GovdocsManager Web Application

Building the second web application to replace the government documents manual workflow required some slight refactoring of the core FRBR and MODS classes in eCataloger. The Manifestation was first sub-classed to a FederalDocument child class that associated the manifestation with one or more shipping lists. The FederalDocument class was further sub-classed to support specific media like CDs, DVDs and microfiche. For application control and user interface convenience, an Endeavor class was added as a way to link a single Work-Expression-Manifestation-Item grouping for security and searching functions.
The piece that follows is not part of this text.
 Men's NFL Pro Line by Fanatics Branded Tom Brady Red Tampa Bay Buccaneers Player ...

This class’s name comes from the FRBR specification that briefly mentions grouping specific “products of intellectual or artistic endeavours”  (FRBR Final Report, 2009 p. 13) into Work, Expression, Manifestation, and Item entities.  The following code snippet shows how the Endeavor groups a single Work, Expression, Manifestation, and Item along with a title into a single object.
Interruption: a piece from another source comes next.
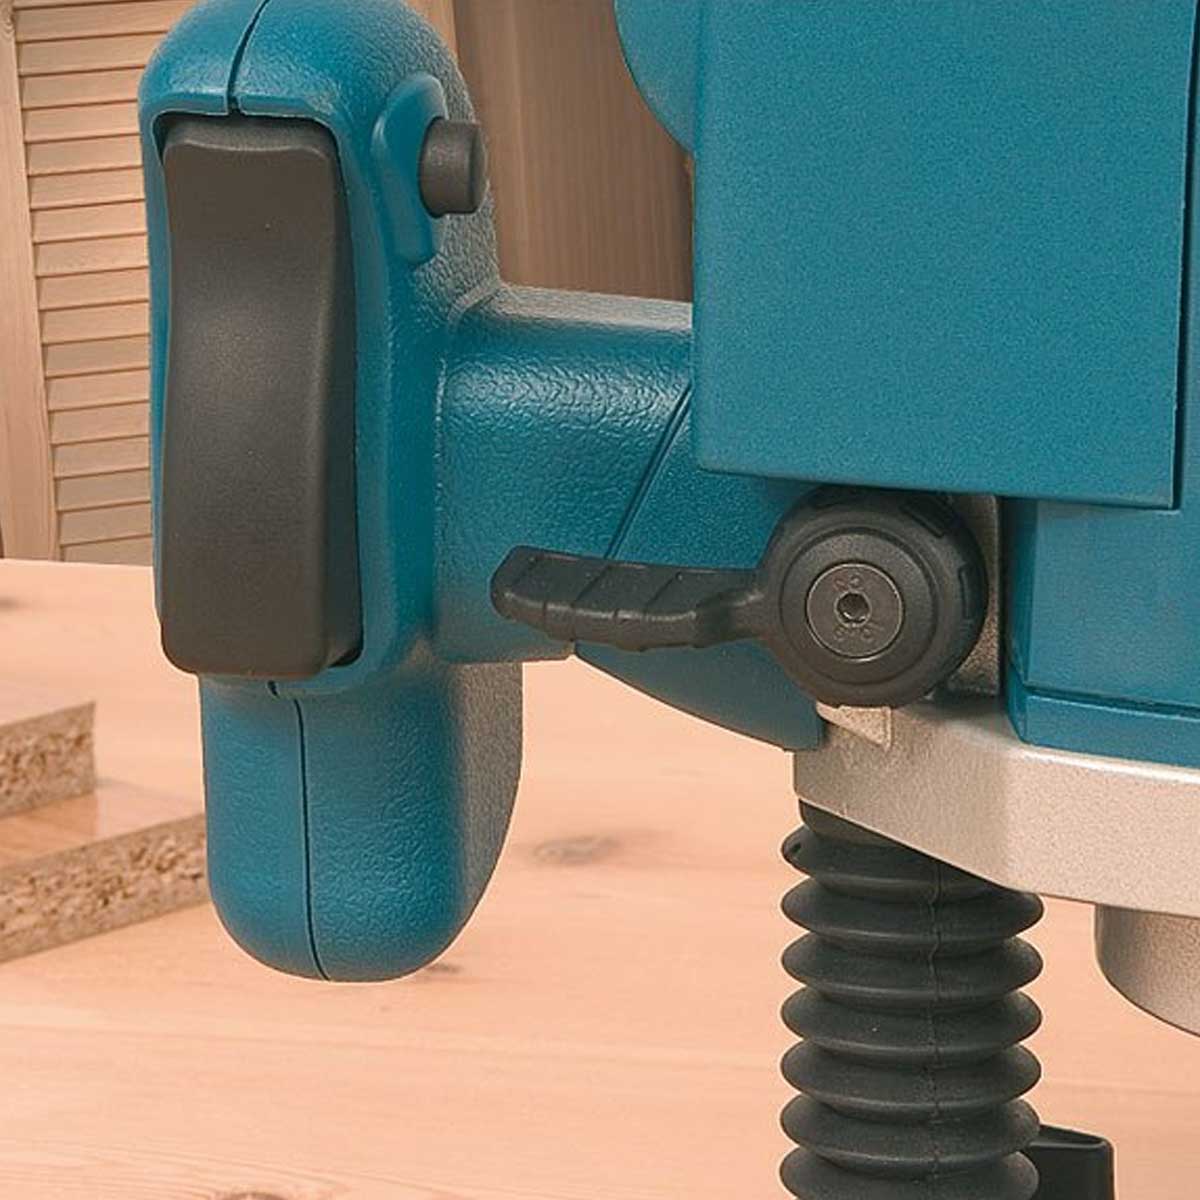 European Hand Router Manufacturers, Suppliers in Hyderabad

class Endeavor(BaseModel):
    work = db.ReferenceProperty(Work,
    collection_name='endeavor_work')
    expression = db.ReferenceProperty(Expression,
    collection_name='endeavor_expression')
    manifestation = db.ReferenceProperty(Manifestation,
    collection_name='endeavor_manifestation')
    item = db.ReferenceProperty(Item,
    collection_name='endeavor_item')
    title = db.ReferenceProperty(MODSmodel.titleInfo,
    collection_name='endeavor_title')

The time savings and operational efficiencies of the government documents application over the manual workflow came about through additional eCataloger functionality at the application controller and user interface levels. Manual entry of many shipping lists was eliminated entirely by utilizing a United States Federal Depository service that hosts its entire shipping lists as electronic database files in dbf format on their servers, which is downloaded automatically by inputting the received shipping list number.  This single-step approach has produced lower error rates and significant time savings.  The government documents web application also allows for manual entry of items and shipping lists since the state depository library did not provide their shipping lists in any accessible electronic form.

E-Library Migration to eCataloger 1.2 with FRBRoo

As the eCataloger framework matured through the release of two successful internal applications, implementation and design compromises that were initially made to facilitate deployment became more apparent. This, coupled with the library administration’s desire to update the now one-and-a-half year old E-Library’s user interface and to standardize all of the library’s web applications, presented an opportunity for a major refactoring of the eCataloger code base.

One of the compromises that had been made with the government publication application was the creation of ShippingList and its child classes. The ShippingList base and child classes were not FRBR entity classes but they did contain metadata and were a collection of FRBR FederalDocument FRBR entity classes. While this type of additional object-oriented class structure fit well with the FRBR classes, it felt arbitrary and FRBR should be able to represent the fact that such a Work that was also a collection of other Work objects. Fortunately, a draft definition of an object-oriented version of FRBR, called FRBRoo, had been released that is “a formal ontology intended to capture and represent the underlying semantics of bibliographic information and to facilitate the integration, mediation, and interchange of bibliographic and museum information.” (FRBRoo, 2007 p. 10). FRBRoo provides an object hierarchy starting from base Work, Expression, and Manifestation classes with derived child classes that could replace the ad-hoc FRBR and supporting classes used in eCataloger. For example, the FRBRoo Work subclass, ContainerWork, would be a good parent for the eCataloger ShippingList class.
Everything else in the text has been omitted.